The structures of two peaks elucidated with 40V and 80V CID are shown in Figure 4. In the case of GT1b with sphingosine (d18:1) and palmitic acid (18:0), the glycan and ceramide structures were revealed in the lower and the higher energy CID spectra, respectively. Negative mode MS/MS spectra showed the diagnostic ion at m/z 290.091 had the greatest abundance, which is indicating the presence of sialic acieds. The ion is used for the post processing precursor ion scanning. Tandem MS in the positive mode provides more structural information. Positive mode low energy CID shows the cleavage at the glycosidic linkages, generating B type ions.
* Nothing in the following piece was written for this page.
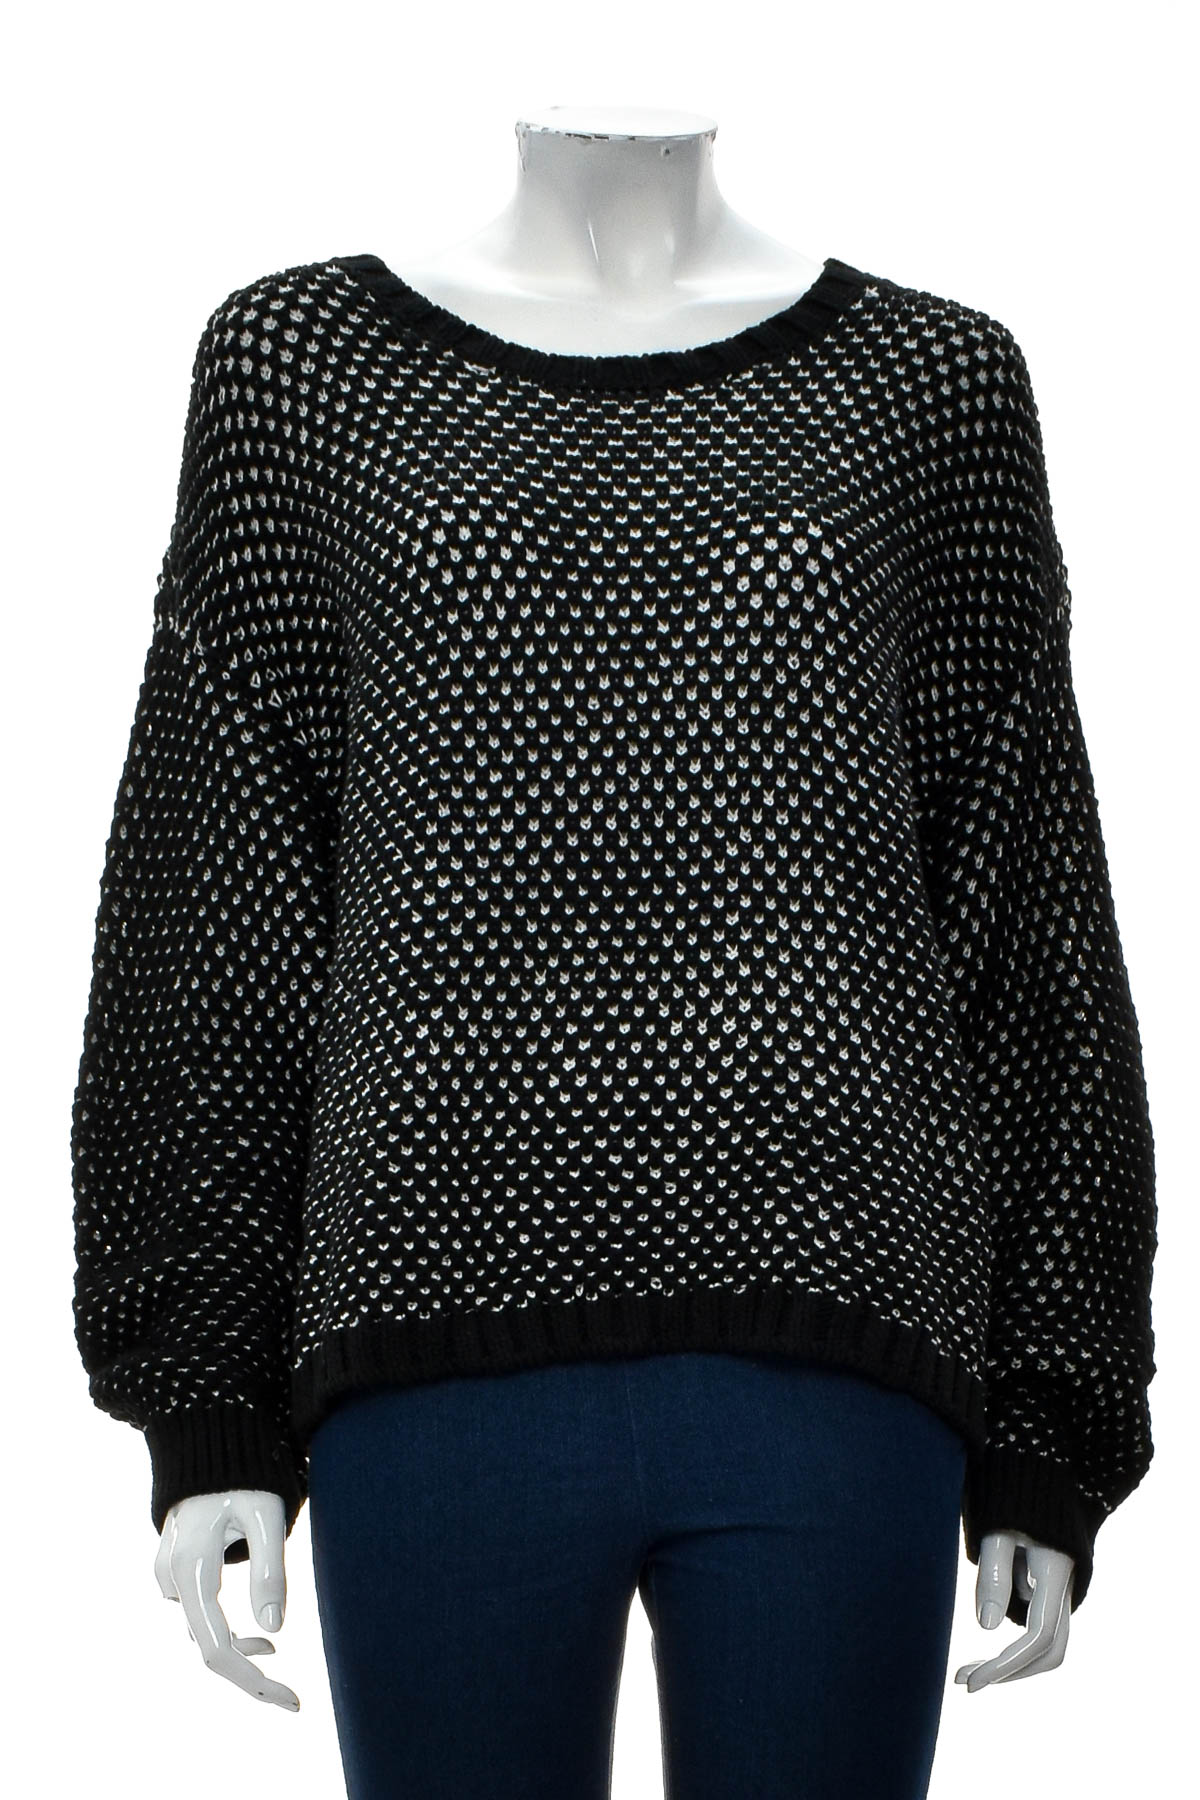 Women's sweater - VINCE CAMUTO - 0

Positive mode higher energy CID fragmentation was used for the identification of the sphingosine base and fatty acid backbone chains as the positive charge remains on the ceramide moieties. The 80V CID experiments yielded the ion at m/z 264.270, which corresponds to the sphingosine base ion. The product ion analysis revealed that the amide bond and dehydration of the sphingosine base are the most abundant fragment ions. From this product ion data information regarding the number of carbon atoms in the chain, degree of hydroxylation and unsaturation could be determined. With this knowledge about the sphingosine base composition and the original precursor ion m/z, the identity of the fatty acids was determined. For sulfatides, a diagnostic ion was observed at m/z 96.963 in the negative mode low energy CID, while higher energy CID yielded information about the sphingosine base.

Figure 4.

Low (40V) and higher (80V) collision energy MS/MS spectra of (A) ganglioside GT1b (d18:1/18:0) and (B) sulfatide (d18:1/16:0). Low energy spectra and high energy spectra contain various diagnostic ions for the headgroup and ceramide tails, respectively.

Conclusion

A nano-HPLC-Chip Q-TOF/MS was selected for this study due to the high retention time reproducibility and outstanding abundance reproducibility necessary for successful profiling experiments. While mass accuracy and resolution are important, so are dynamic range, sensitivity, and spectral acquisition speed. The Q-TOF used in this research routinely delivers excellent performance in all of these dimensions simultaneously without the requirement of compromise. To our knowledge, this is the first report to describe the separation of polar lipids through nano-HPLC-Chip in the negative ion mode. Interestingly, in order to reveal the complexity of the mouse brain polar lipids in a relatively accurate and simple manner, we further strengthened the method to include post processing multiple precursor ion scans. This proposed approach allowed for the quantitation and identification of intact polar lipids, including gangliosides, sulfatides, and phosphatidylinositols, opening a promising analytical strategy to uncovering the information hidden within complex lipid signaling.